# EVeMa 2018

![logo](assets/logo.jpg "Logo")

- Instructor: PhD. Martín Solís.

- Authors: 
    - Saúl Calderón, Žiga Emeršič, Ángel García, Blaž Meden, Felipe Meza, Juan Esquivel
    - Mauro Méndez, Manuel Zumbado. 

# Probability Distribution and Multiple Linear Regression



## Probability Distribution

A relation between every event (outcome) of a random variable with their probability of occurrence. There are functions that allow us to estimate the probability distribution of a random variable. Therefore, if we know the variable distribution we can estimate the events' probability of occurrence.

### Upload data files and modules

#### Modules needed:

In [None]:
import numpy as np
import pandas as pd
import matplotlib.pyplot as plt 

#### Read csv files:

In [None]:
data = pd.read_csv("assets/house.csv") 
data.describe()

## Discrete variable's probability distribution (integer values)

There are several discrete probability distributions (e.g., Binomial, Negative Binomial, Geometric, Poisson). However, we will focus on the house's number of years variable (exactyears column) distribution function, for understanding purposes. This variable follows a Poisson distribution, we will cover this topic further, by now we introduce Probability Distribution concept.

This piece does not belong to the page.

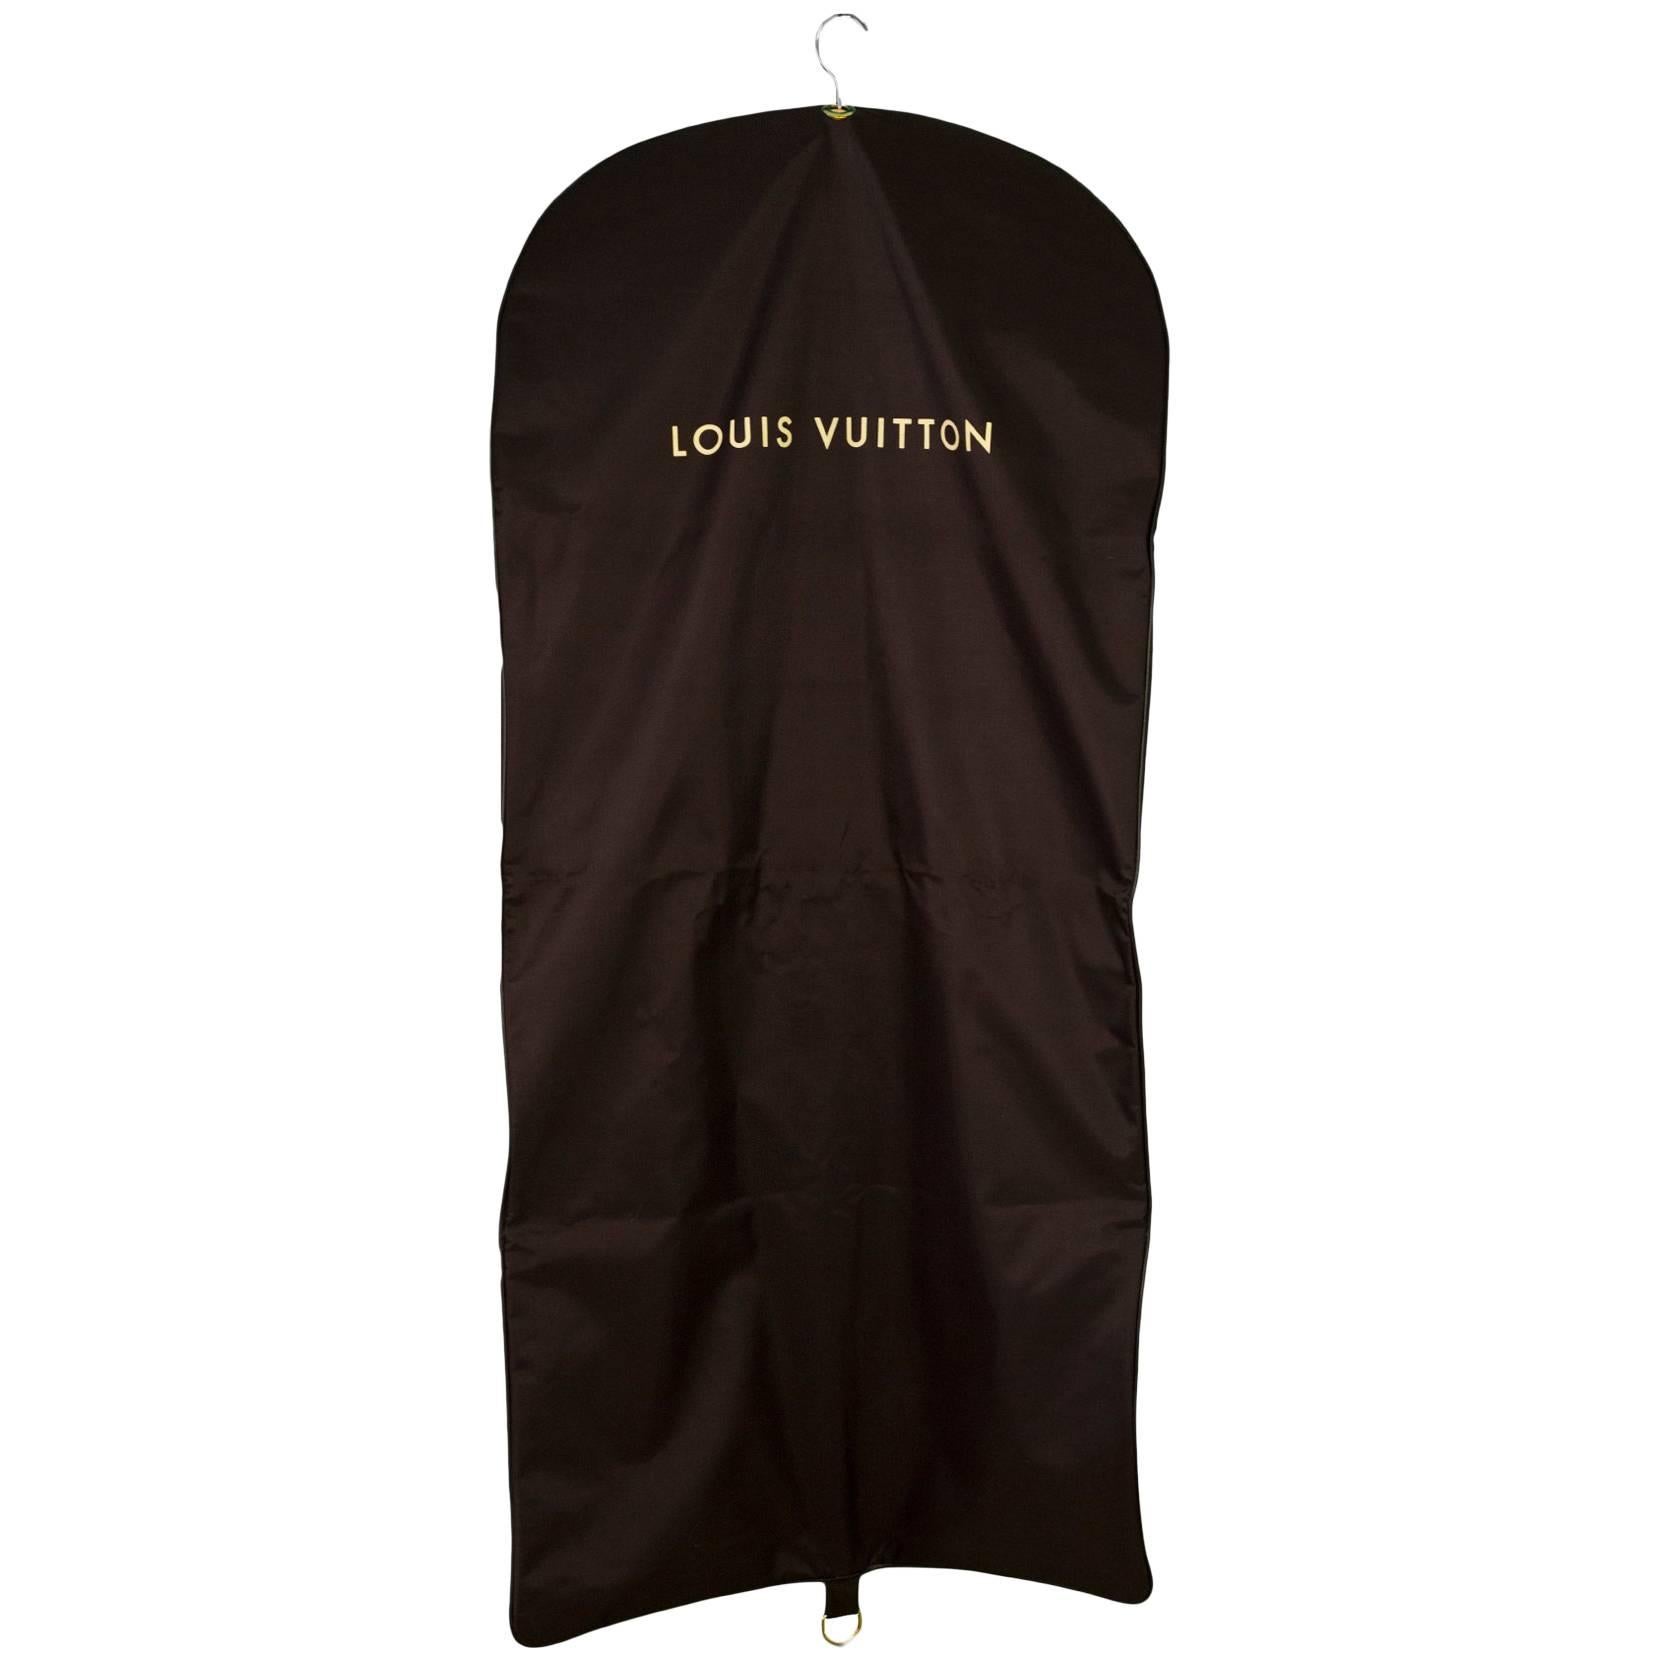 Louis Vuitton Brown Heavy Nylon Garment Bag with Beige Wooden Hanger

### Generating a probability distribution

In [None]:
# Absolute frequency distribution of house's number of years 
tabyear = pd.crosstab(index=data["exactyears"],columns="count") 
print(tabyear)

print("\n")

# Probability distribution (relative frequency distribution) 
tabyear2=tabyear/tabyear.sum()
print(tabyear2)


# Probability distribution chart with histogram (relative frequency distribution)  
plt.hist(data.exactyears, bins=12,normed=1, facecolor='green', edgecolor='none')
plt.xlabel('Years') 
plt.ylabel('Probability') 
plt.title('Number of years histogram') 
plt.axis([0, 12, 0, 0.3]) 
plt.grid(True) 
plt.show()

# Cumulative distribution chart with Ojiva
plt.hist(data.exactyears, cumulative=True, bins=12, normed=1, color='steelblue', edgecolor='none') 
plt.xlabel('Years') 
plt.ylabel('Probability') 
plt.title('Years cumulative distribution (density)') 
plt.axis([0, 12, 0, 1]) 
plt.grid(True) 
plt.show()

### Function for a Poisson Distribution Probability

The house's number of years variable follows the Poisson distribution with mean = 3. With Poisson function can be applied behavior simulations of the variable and estimate the occurrence probability of a single event (single value occurrence, e.g. $P(x=3)$) or compound event (set of events occurrence, e.g. $P(x>3)$). The Poisson distribution function is as follows:

$$P(X/\lambda)\text{=}\frac{e^{-\lambda}\lambda^{x}}{x!}, $$ 

where

$X = \text{number of event occurrence.}$

$\lambda = \text{occurrences average.}$


#### Simulating Poisson probability distribution with mean = 3.

In [None]:
# Importing module for distribution simulations 
from scipy.stats import poisson 

# Generating a 10 000 values simulation 
data_poisson = poisson.rvs(mu=3, size=10000) 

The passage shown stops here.